**Data section**
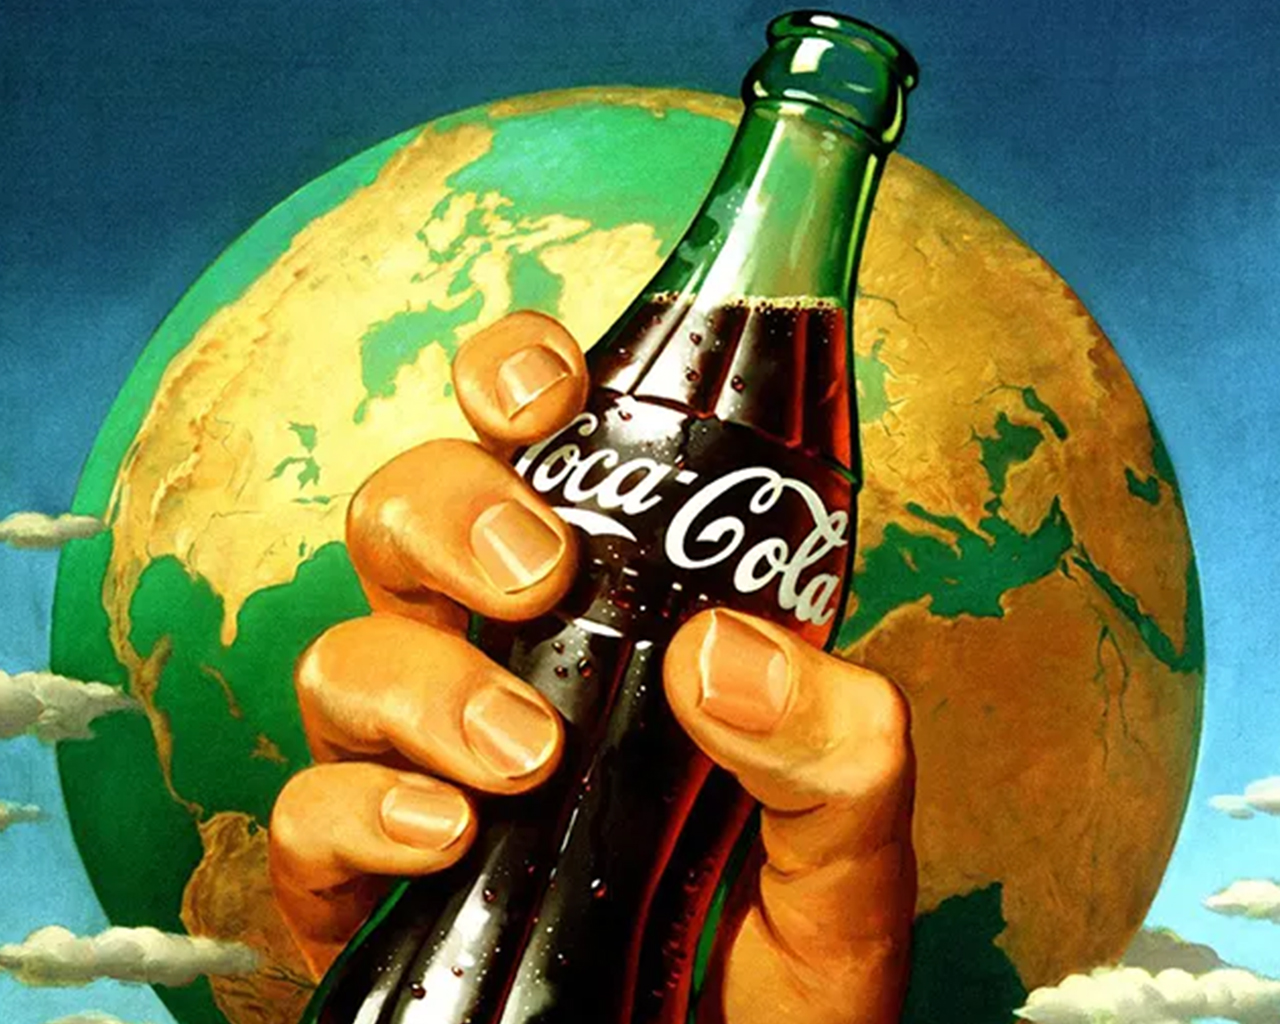 Վինտաժային գունագեղ նկարազարդում ձեռքը, որը բռնում է Կոկա-Կոլայի շիշը երկրային գլոբուսի առջև
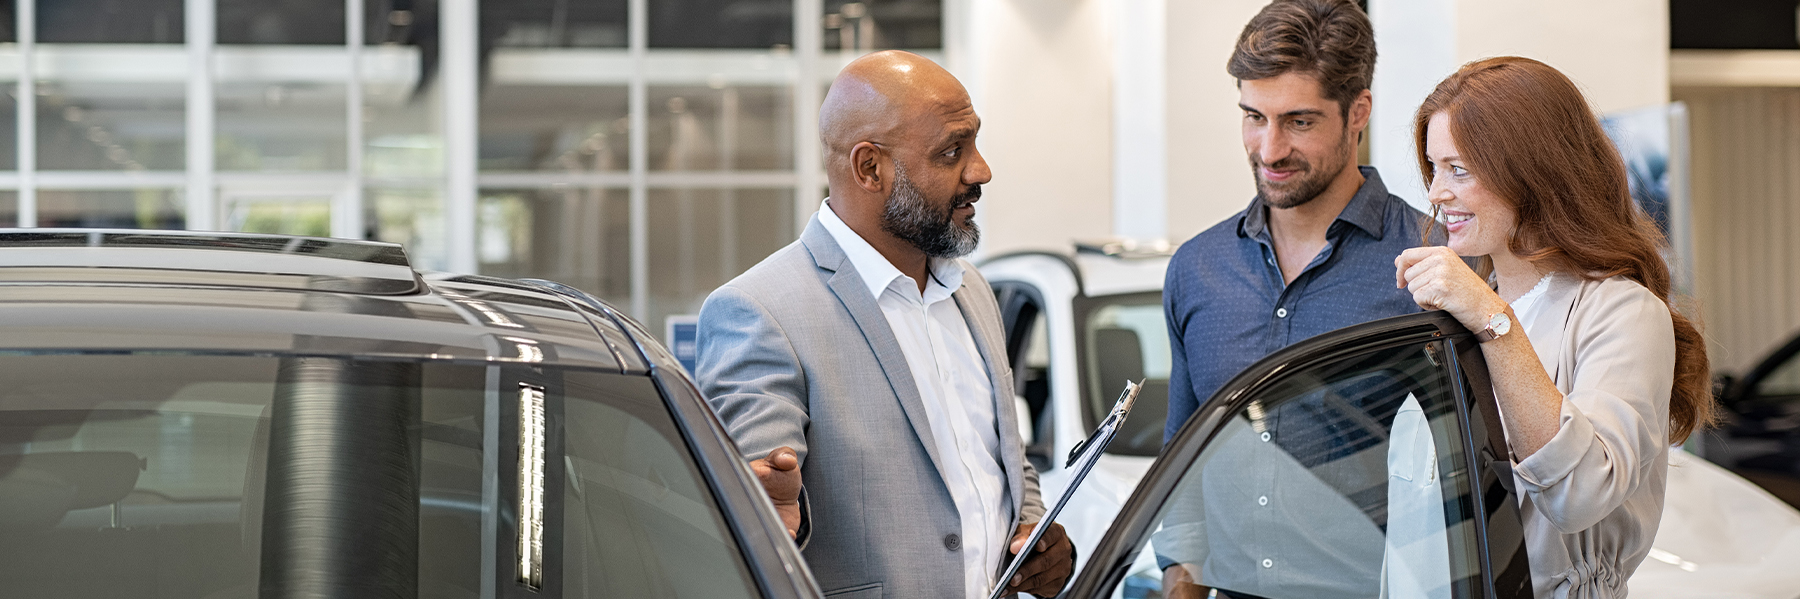 Garantiesachbearbeiter mit Kunden in der Beratung an einem Fahrzeug mit offener Fahrertür.
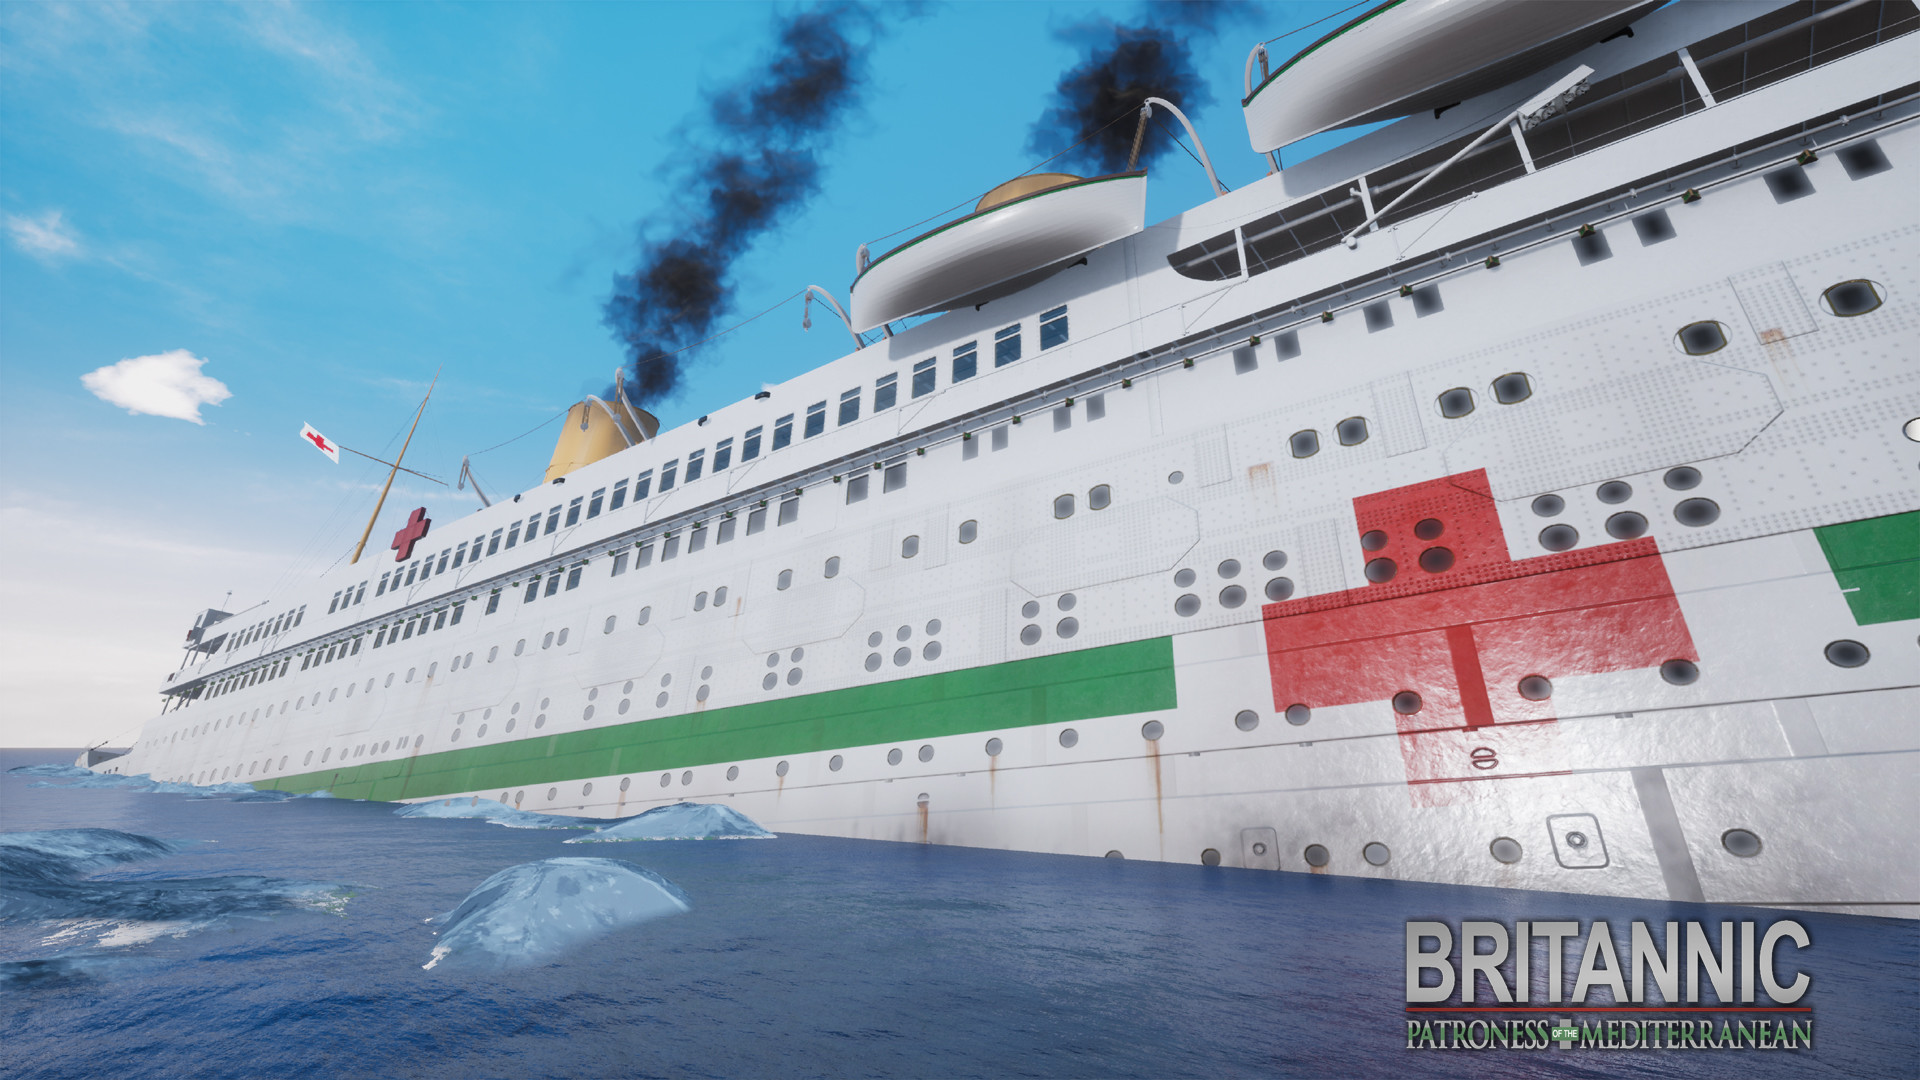 Britannic Patroness Of The Mediterranean On Steam - roblox britannic sinking games free

**Exercise**
The answer is the listing above restated word for word, pictures removed.

**Task output**
 Վինտաժային գունագեղ նկարազարդում ձեռքը, որը բռնում է Կոկա-Կոլայի շիշը երկրային գլոբուսի առջև
 Garantiesachbearbeiter mit Kunden in der Beratung an einem Fahrzeug mit offener Fahrertür.
 Britannic Patroness Of The Mediterranean On Steam - roblox britannic sinking games free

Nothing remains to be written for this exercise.